Барховцев-младший усмехнулся, вышел из машины, открыл ворота, заехал во двор и загнал в гараж свой внедорожник. По всему видно: в доме все давно улеглись. И Лиза спокойно спит одна на широкой кровати в теплой мансарде. Вот сейчас, в данную минуту, Роман горел желанием выяснить все до последней буквы алфавита, расставить все точки над «Ё», если уж, на то пошло! Приехала жаловаться, дорогая? Ну, ты сама нарвалась! Можно представить, что за выволочку устроили ей здесь Наталья с отцом. Не туда ты приехала, милая — папа всегда был и будет на его стороне — в этом Роман был уверен на сто процентов. Уверен он был и в том, что отец не сделает ни одной попытки разобраться в ситуации и, хоть как-то повлиять на решения своего сына, какими бы они ни были.

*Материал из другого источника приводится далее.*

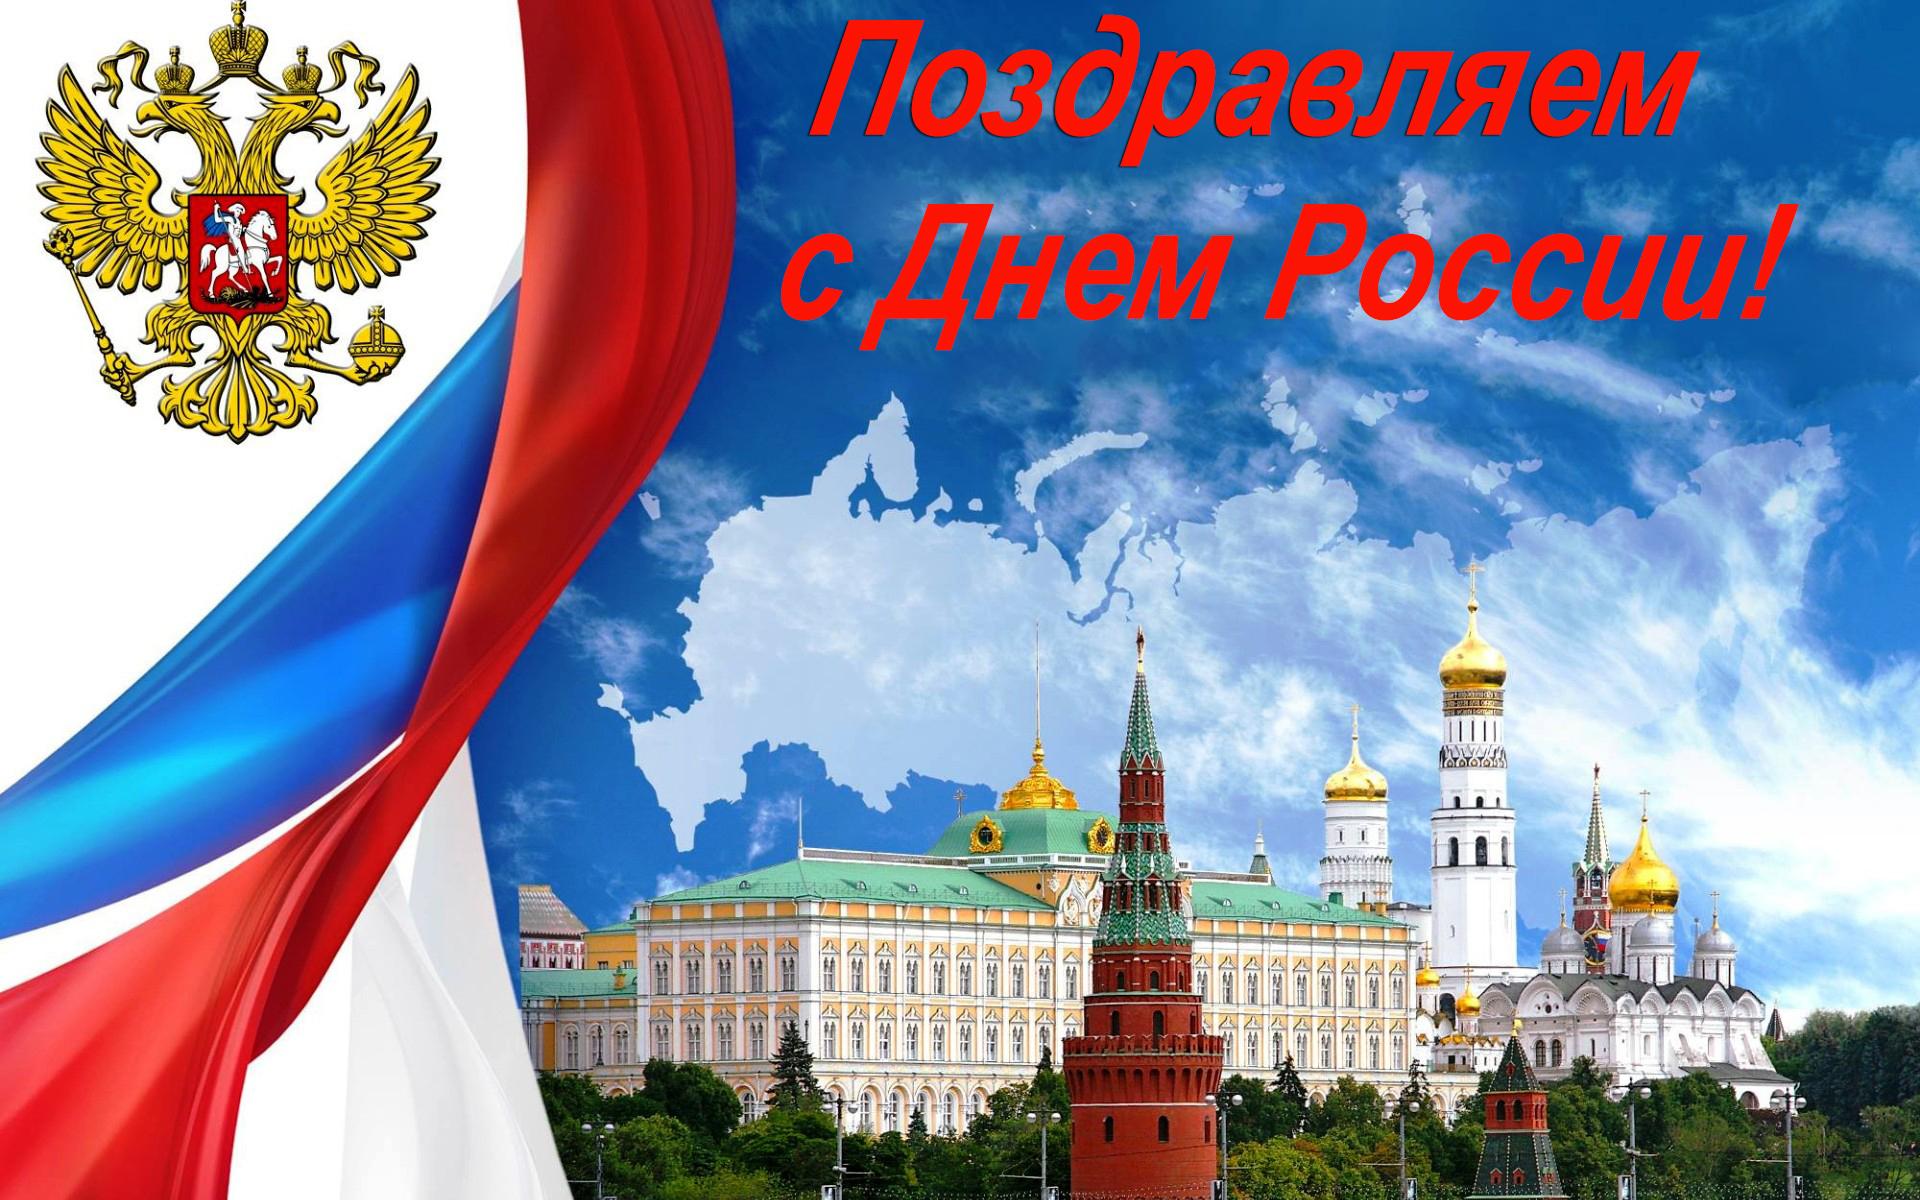 Поздравление с днем россии история праздника очень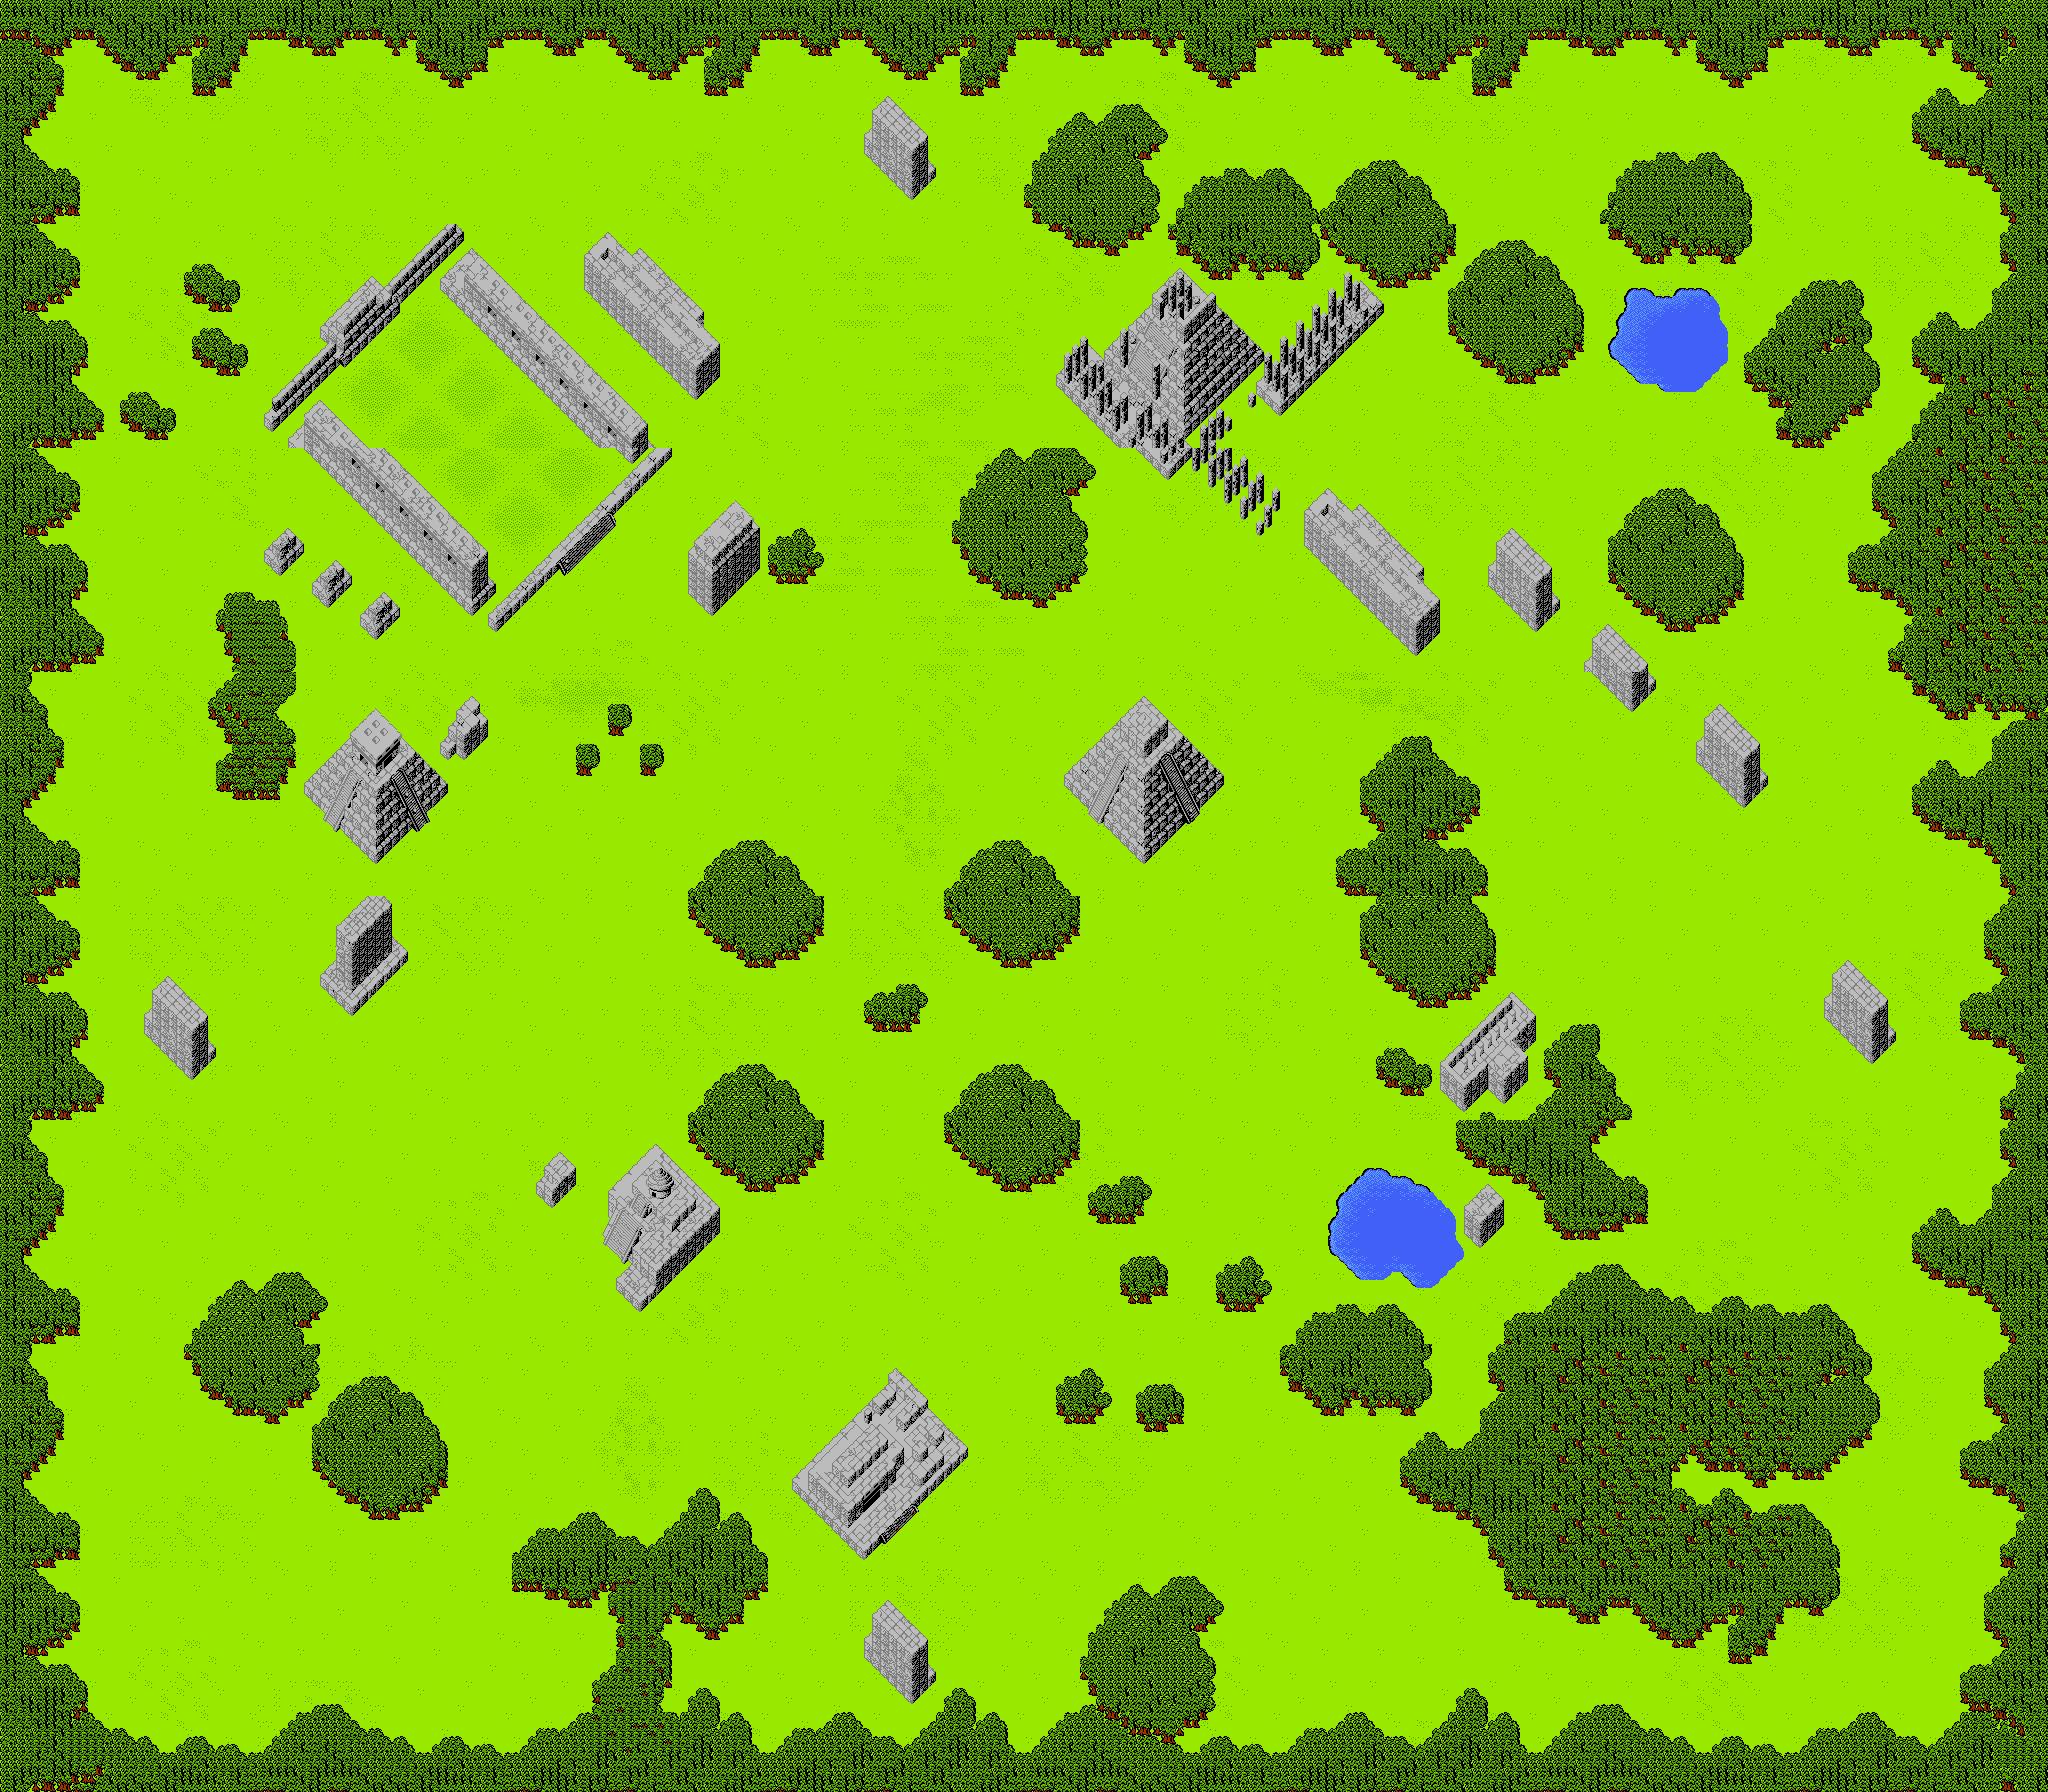 太陽の神殿 ASTEKAⅡのプレイ日記3:レトロゲーム(ファミコン)_挿絵2

С самого начала он был резко против их женитьбы и считал, что жениться в двадцать четыре года, когда впереди еще целый год учебы в институте — дурь, блажь и, по меньшей мере, несерьезное отношение к жизни, а Лизе вообще, тогда только исполнилось девятнадцать лет. Из воспитательных побуждений отец твердил сыну, что мужчина должен сам обеспечивать семью — и, в результате, два года, пока Роман не закончил институт, и пока привыкал на новой работе они с Лизой считали каждую копейку. Единственное, чем помог им отец — добавил денег, и вскоре после Лизиных родов они смогли переехать в просторную двушку с огромным холлом (его потом переоборудовали в отличную гостиную), а Барховцев-старший удалился в деревню. В откровенном разговоре наедине со своим сыном перед свадьбой он впервые позволил себе осудить будущую невестку: слишком молода, слишком несерьезна, слишком независима, не умеет готовить, готова проводить дни и ночи в спортивном комплексе. Художественная гимнастика — и это профессия?! Ах, у нее диплом фармацевта — ну спасибо, успокоили!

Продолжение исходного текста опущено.